Validation with rewritemap

ISAPI_Rewrite is Apache mod_rewrite compatible URL rewriter for Microsoft IIS
User avatar
Posts: 92
Joined: 01 Dec 2012, 14:22

Validation with rewritemap

03 Jun 2013, 16:29

Hi,

I have a site where there are a number of dynamic pages that will be served based on a "magic" number.

There are two types of these: category numbers, and individual numbers.

This works fine: the problem I have is when there is an invalid "magic" number specified.

If the number is not valid, we return a page that's similar to a 404, but it isn't actually a 404.

E.g. for category pages:

http://www.marqueehireguide.com/marquee-hire-c21.html - this is a real, static file.
Whereas http://www.marqueehireguide.com/marquee-hire-in-bedfordshire-c36.html is a dynamically-created page.
And http://www.marqueehireguide.com/marquee-hire-in-narnia-c9999.html is an invalid page.

For various reasons, there are some old links to pages that don't exist any longer.
Google is punishing the site because there are several pages that have very similar content.

What we'd like to happen is:

1) If there is an actual file that matches the URL, just serve it.
2) If not, check to see if the "magic" number is a valid one (using a rewritemap, I'm guessing).
3) If neither of these work, allow it to drop through to a 404 page.

What I'm having trouble understanding is how to achieve the middle one- only rewrite the page if it's one of the allowed values.

Is it possible to just have a file that has e.g.

c34 valid
c36 valid
c38 valid
c41 valid

... and so on.

Also, how to have a rule that says: "If the file exists, just serve it and don't check further"?

User avatar
Posts: 1264
Joined: 07 Mar 2012, 10:16

Re: Validation with rewritemap

04 Jun 2013, 14:39

Hello,

Thanks for such a descriptive and clear explanation. It's a rare thing these days.
Since the principle "if the file exists - server it" is defined by default, lets focus on the other one: - "if file does not exist AND NOT located in a mapfile".

LEts try:
Code: Select all
#define mapfile:
RewriteMap mapfile txt:mapfile.txt [NC]

# not a real file
RewriteCond %{REQUEST_FILENAME} !-f
# and not a real directory
RewriteCond %{REQUEST_FILENAME} !-d
# if the result of the mapfile lookup is NOT FOUND
RewriteCond ${mapfile:$1|NOT_FOUND} NOT_FOUND
# show 410 GONE status (can be changed to F - Forbodden 403)
RewriteRule ^.+-([a-z]{1}\d+)\.html$ - [G]

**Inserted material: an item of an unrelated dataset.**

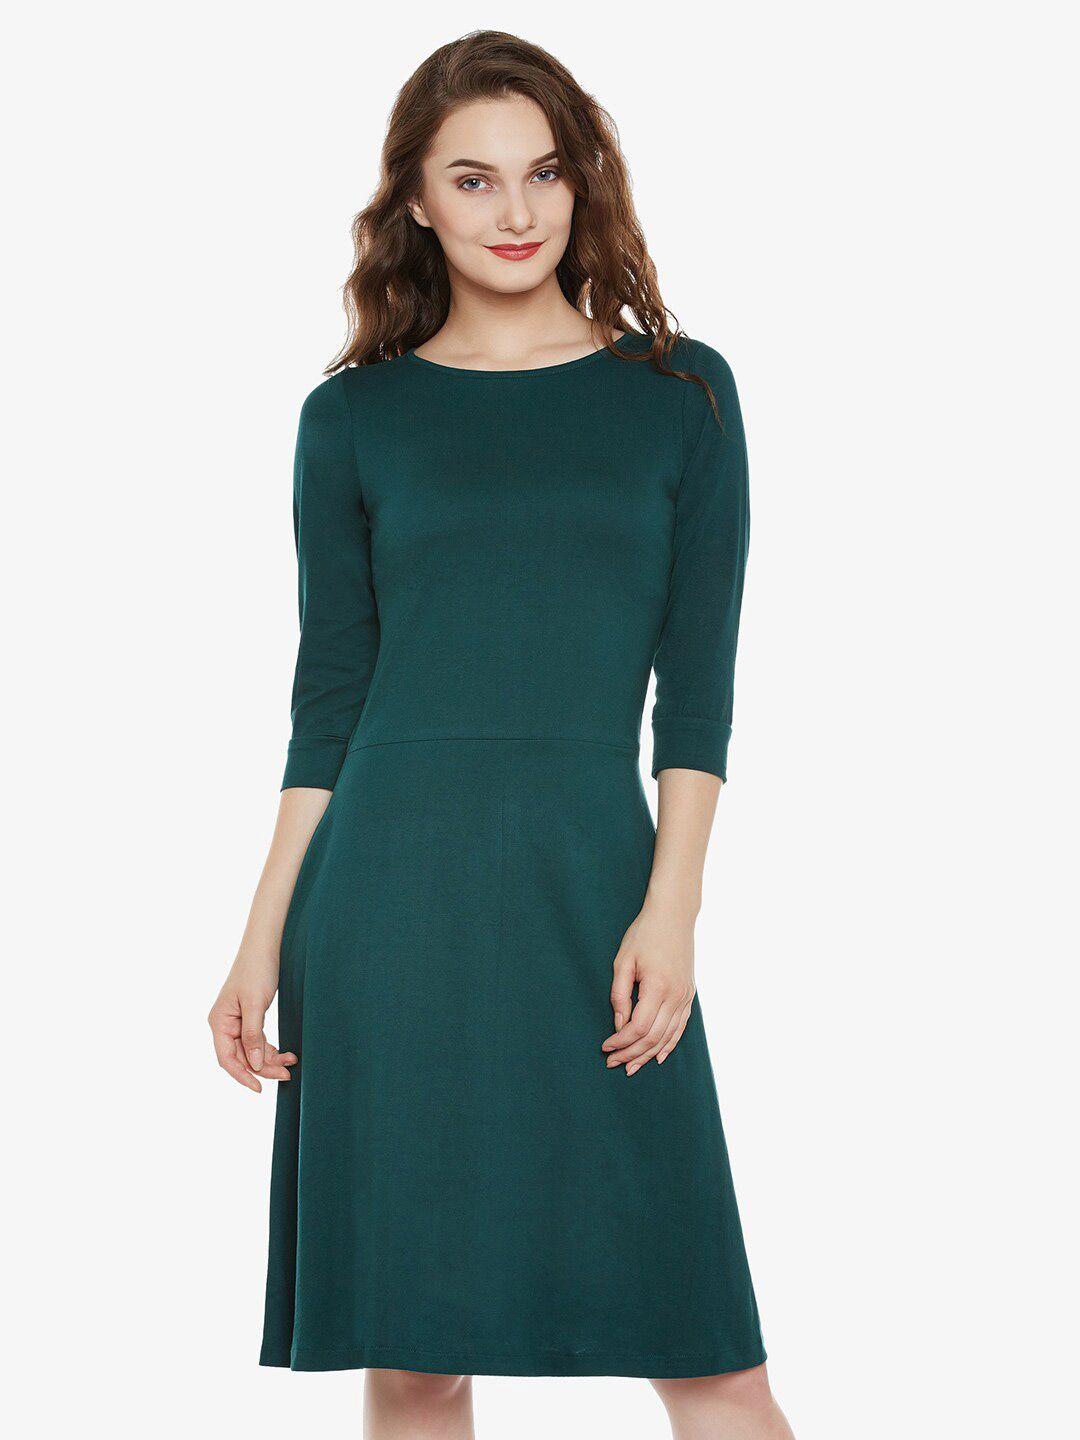 miss-chase-boat-neck-a-line-dress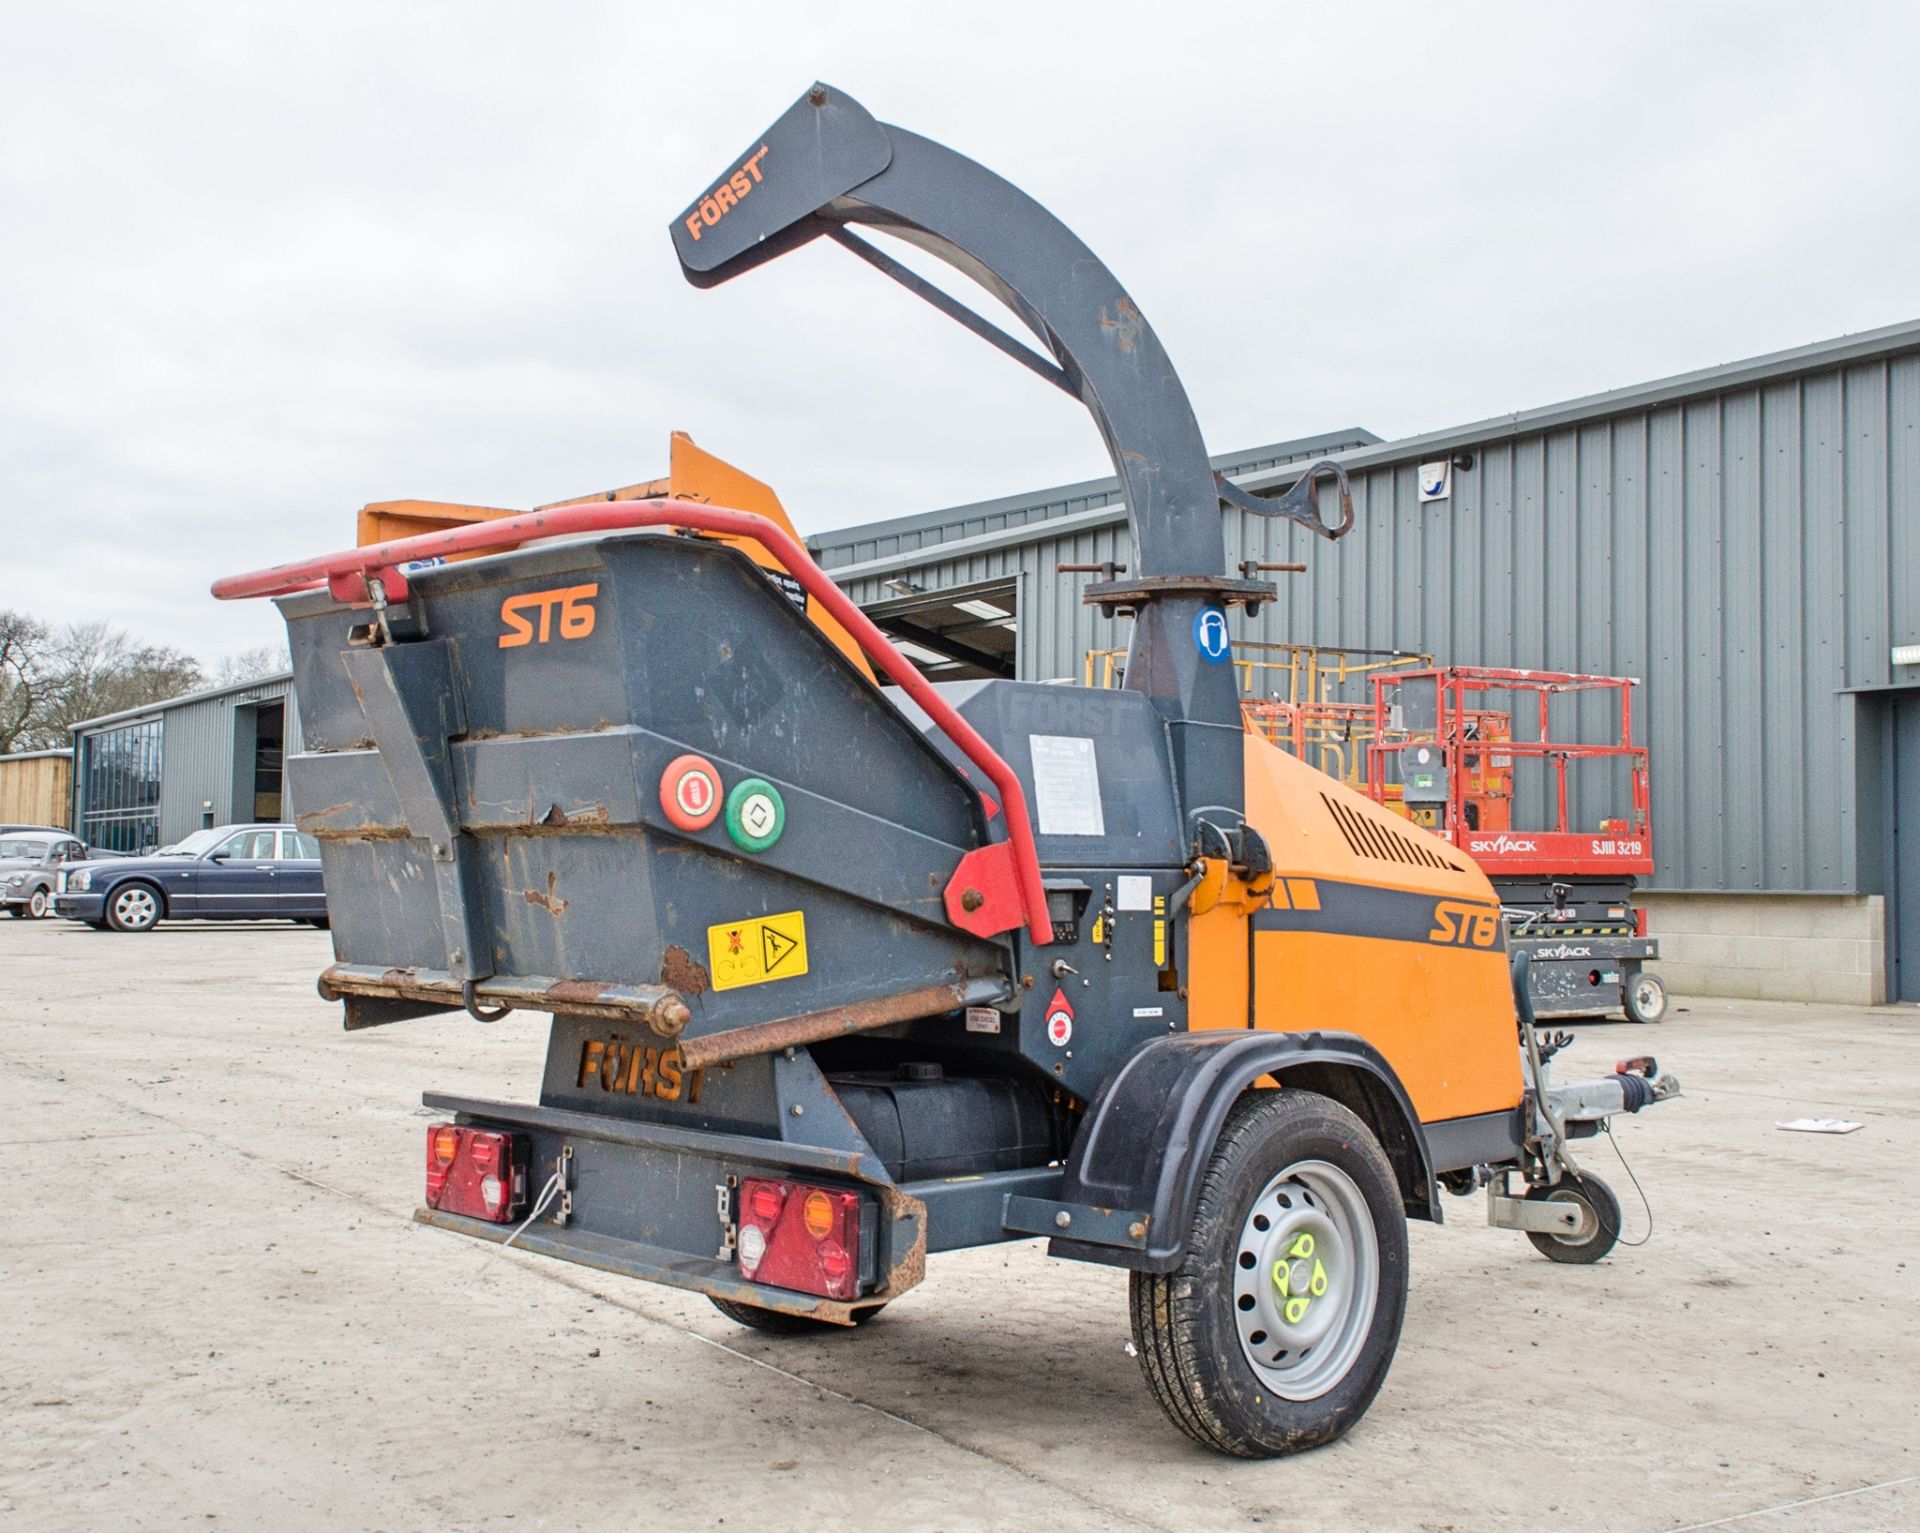 Forst ST6 diesel driven fast tow mobile wood chipper Year: 2014 Recorded Hours: 729 A635390 - Image 3 of 9

The pattern is created to find a magic number that consists of 1 letter and some digits afterwards. This magic number is always located before ".html".

Regards
Andrew

User avatar
Posts: 92
Joined: 01 Dec 2012, 14:22

Re: Validation with rewritemap

05 Jun 2013, 11:45

Thank you for your kind comments. :) I do try to ask *useful* questions- my bible in this regard is Eric Raymond's article on the subject: http://www.catb.org/esr/faqs/smart-questions.html


What I *think* we want to do is to rewrite the URL to "not-currently-listed.html", with a 301, but that's detail. :)

OK- most of the info about RewriteMaps I found in the Apache docs- where it said that RewriteMaps have to be defined globally and not in a .htaccess file; does this restriction not apply to Isapi_Rewrite?

When you say "if the file exists, serve it" is defined by default- that's assuming no other rule touches it, of course? So there's no need for an explicit rule, as long as there is no over-enthusiastic catch-all?

With the -c{number} forms, there are a few historic files which we want to rewrite to newer forms, or to the root; at the moment, I have a raft of individual rules for this.
Would I be better with a rewrite-map for this purpose, too? I.e. is a rewrite map with {oldurl} {newurl} more efficient than say a couple of dozen specific rules?

Thanks for your help on this.

User avatar
Posts: 1264
Joined: 07 Mar 2012, 10:16

Re: Validation with rewritemap

05 Jun 2013, 15:01

OK- most of the info about RewriteMaps I found in the Apache docs- where it said that RewriteMaps have to be defined globally and not in a .htaccess file; does this restriction not apply to Isapi_Rewrite?

In ISAPI_Rewrite we don't have hese limitations. You can define it in .htaccess, the main thing is to locate mapfile in the same folder with the config file, where you define this mapfile.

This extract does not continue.